The research investigates whether rapid firm growth can be stimulated by specific management strategies. It reveals certain strategies in areas such as marketing and customer service are adopted by fast-growing firms or “gazelles.” It also finds such strategies generally need to change with the times and a firm’s ability to make adjustments helps to sustain growth.
“Gazelle-like growth appears to be fragile and only a small portion of firms can jump the hurdle of sustaining it,” says lead study author Simon Parker, Professor in Entrepreneurship and Director of the Driving Growth Through Entrepreneurship & Innovation Cross-Enterprise Leadership Research Centre at the Richard Ivey School of Business.
“Firms are unlikely to sustain success if they attempt to draw lessons from observing growth in one period and then routinely apply these lessons at a different point in time.”
The study, “What happens to gazelles? The importance of dynamic management strategy,” will be published in an upcoming edition of the scholarly journal, Small Business Economics.
It is co-authored by David J. Storey, professor of CSME and Enterprise Group of the Warwick Business School, and Arjen van Witteloostuijn, professor of economics and applied economics at the University of Antwerpen.
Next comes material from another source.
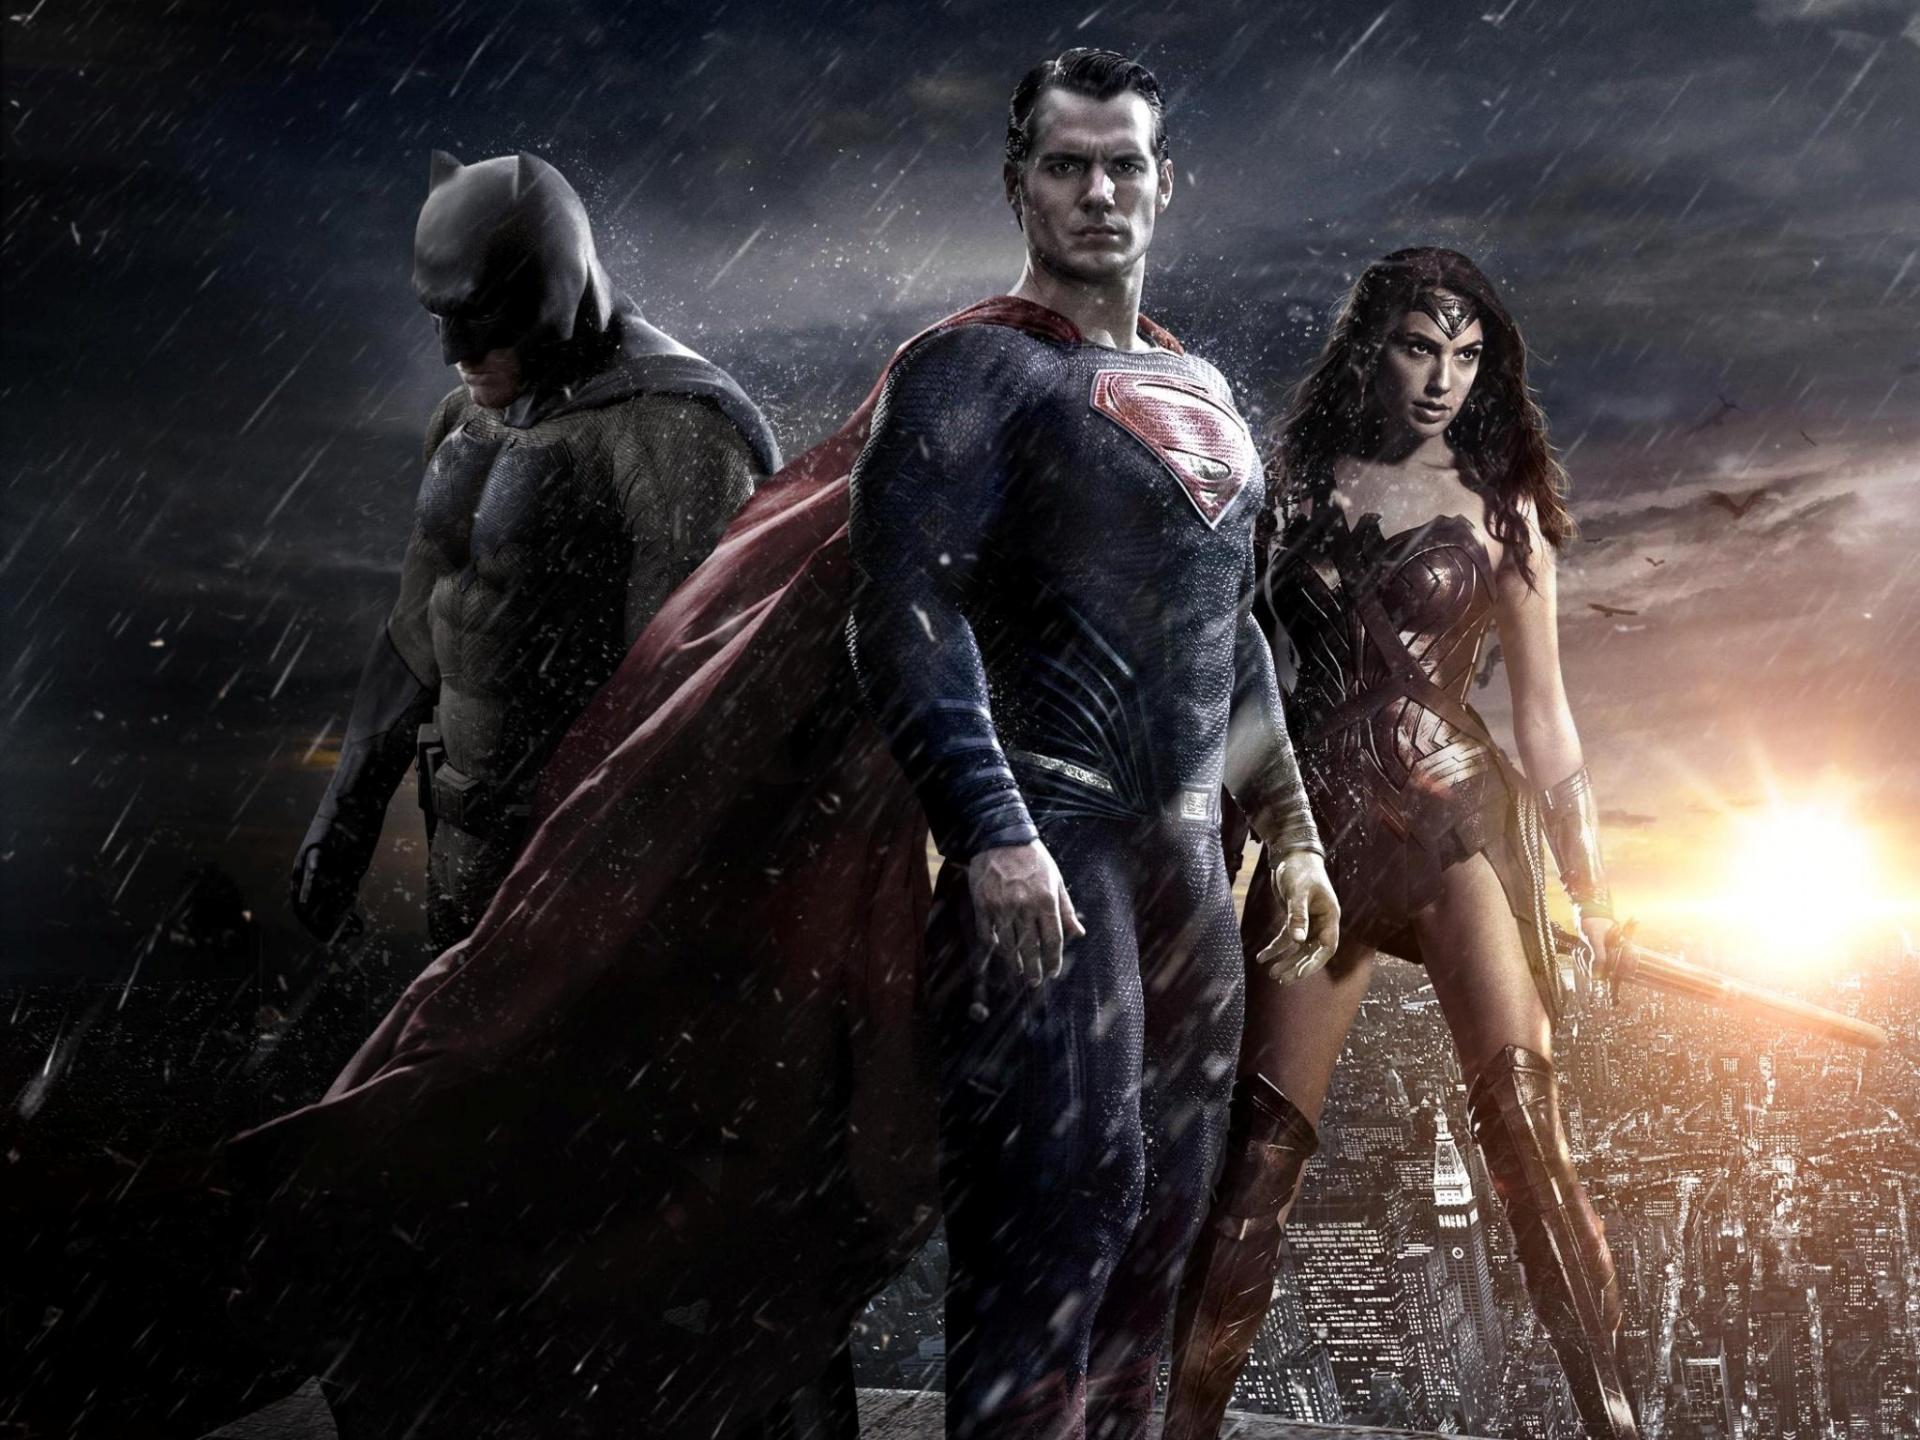 Batman v Superman Dawn of Justice. Gal Gadot, Ben Affleck and Henry Cavill

Some strategies that appear to contribute to rapid growth include:
Maintaining a core product or service rather than diversifying; Having and using a specialised marketing department; Using customer surveys rather than customer complaints as a basis for quality control; Restricting share issues to workers or outside investors, thereby enabling management to retain control.
However, the researchers stress best practices of one period may prove counter-productive in a later period.
“There are key strategies that seem to help gazelles to become or remain large, but, to sustain growth, there need to be dynamic, rather than static, management strategies,” says Parker. “Timely adaption of strategies is key.”